Of course, political risk should always be considered for a firm that gets so much of its revenue from one place, the U.S. defense budget. Any severe curtailment of this revenue source will hit the firm, but that seems unlikely. It is also less consequential as foreign nations and allies majorly boost defense spending in response to the environment of war and Great Power standoff.
Deteriorating US finances and rising interest costs could prove a major risk if the Defense Budget ends up on the chopping block. Generally, the increased threat environment should mitigate this, but predictability is low inside the Beltway these days. However, current Defense Budget priorities align well with Raytheon’s strengths.
The twin tailwinds of increased foreign and domestic defense spending on a generational level mitigate many typical risks on the defense side of the business.
Conclusion
Raytheon is coming off a very strong year, their sales grew 11% organically. This is very fast for a mature defense giant. They have a record backlog of 196 billion dollars. The company has proven capable of executing on the backlog, other than the key risks I mentioned above which the market understands well, the company has been executing on resolving supply chain issues admirably. This bodes well for the firm being able to deliver on this record backlog. As I mentioned earlier, 60% of that massive backlog will come to fruition in the next two years.
The firm is experiencing strength across all of its segments, and the commercial aerospace segment will likely have potential for upside because of continued economic strength in the United States and the continued resolution of the engine issue. 2024 will have some difficult comps, but 2025 looks like it will be a very strong year across all metrics. Remember, this stock is a mature lynchpin of the US Defense Industry. You’re not just owning a company, you’re owning a team that moved heaven and earth to get air defense up in Ukraine, saving countless lives.
A high-intensity conflict like the one unfolding in Ukraine is particularly advantageous for defense manufacturers because equipment, not personnel, is the primary deficiency in foreign militaries (although some could be said to suffer from shortages of both). But the point is, that the currents of new defense spending in response to the Russian threat in Europe and the Chinese threat in Taiwan heavily favor Raytheon’s strengths. The unique simultaneous strength in defense and commercial aerospace makes this firm simply able to grow better than the competition, in my estimation.

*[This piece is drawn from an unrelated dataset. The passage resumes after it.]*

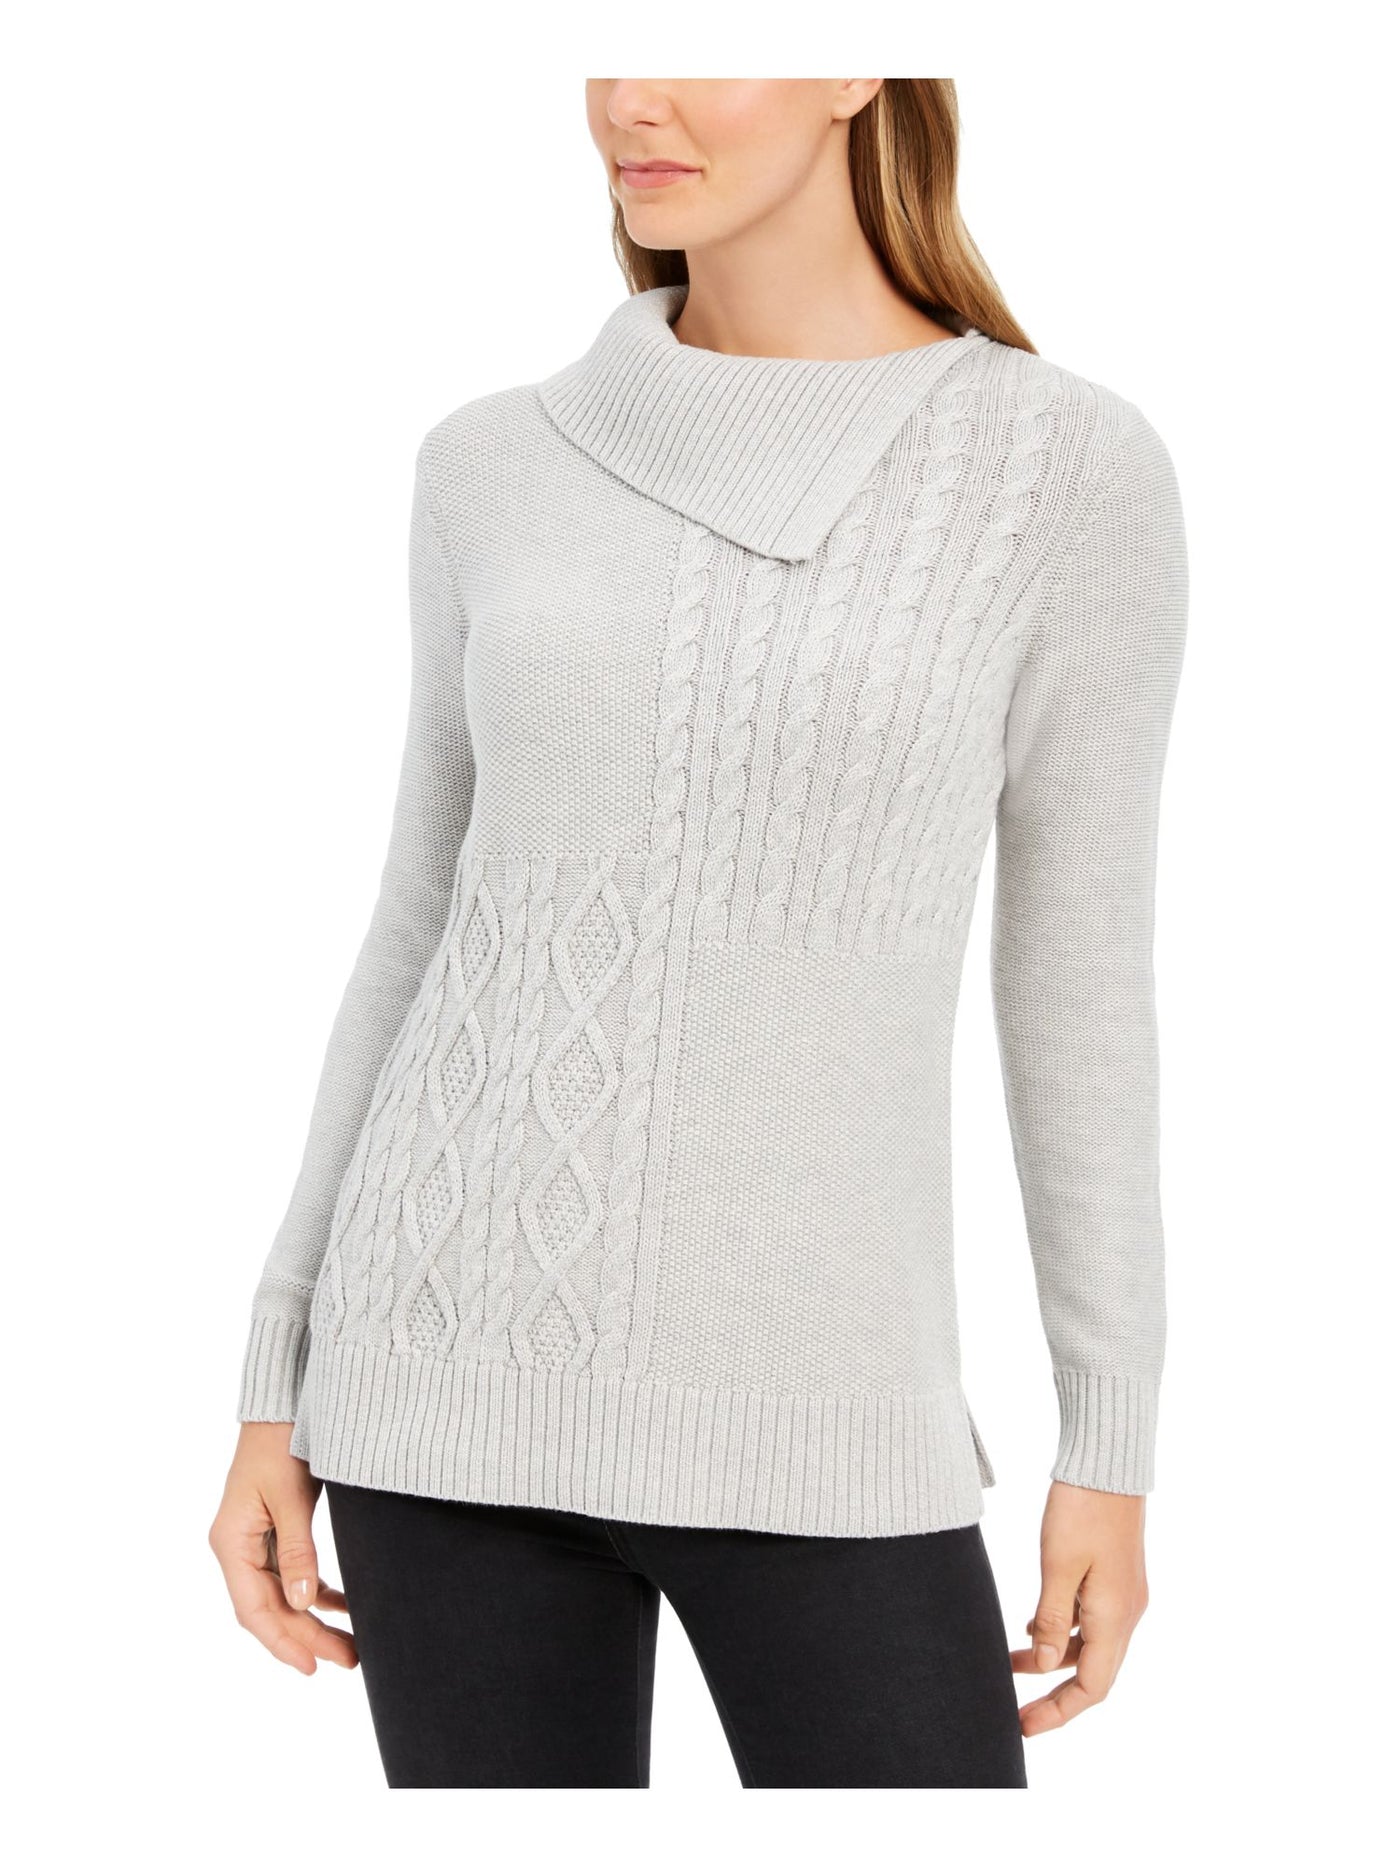 CHARTER CLUB Womens Ribbed Long Sleeve Cowl Neck Sweater

The changing nature of geopolitical relations and the degradation of international peace is never a good thing and never something that should be wished for. But when it does occur, it makes us realize how lucky we are to have the capable Americans working in our Aerospace & Defense sector. Both when we fly, and when we face adversaries directly or indirectly, we are immeasurably better off because of their intelligence, hard work, and priceless contributions.
One of the things that is resilient about the Raytheon thesis is that it is not dependent on the War in Ukraine or other active conflicts continuing. The momentum of conflict and Great Power standoff has become such that if the conflict in Ukraine ends and becomes frozen, it may even increase demand for Raytheton’s systems. The likeliest outcome is that any peace that materializes will be marked by frantic re-armament.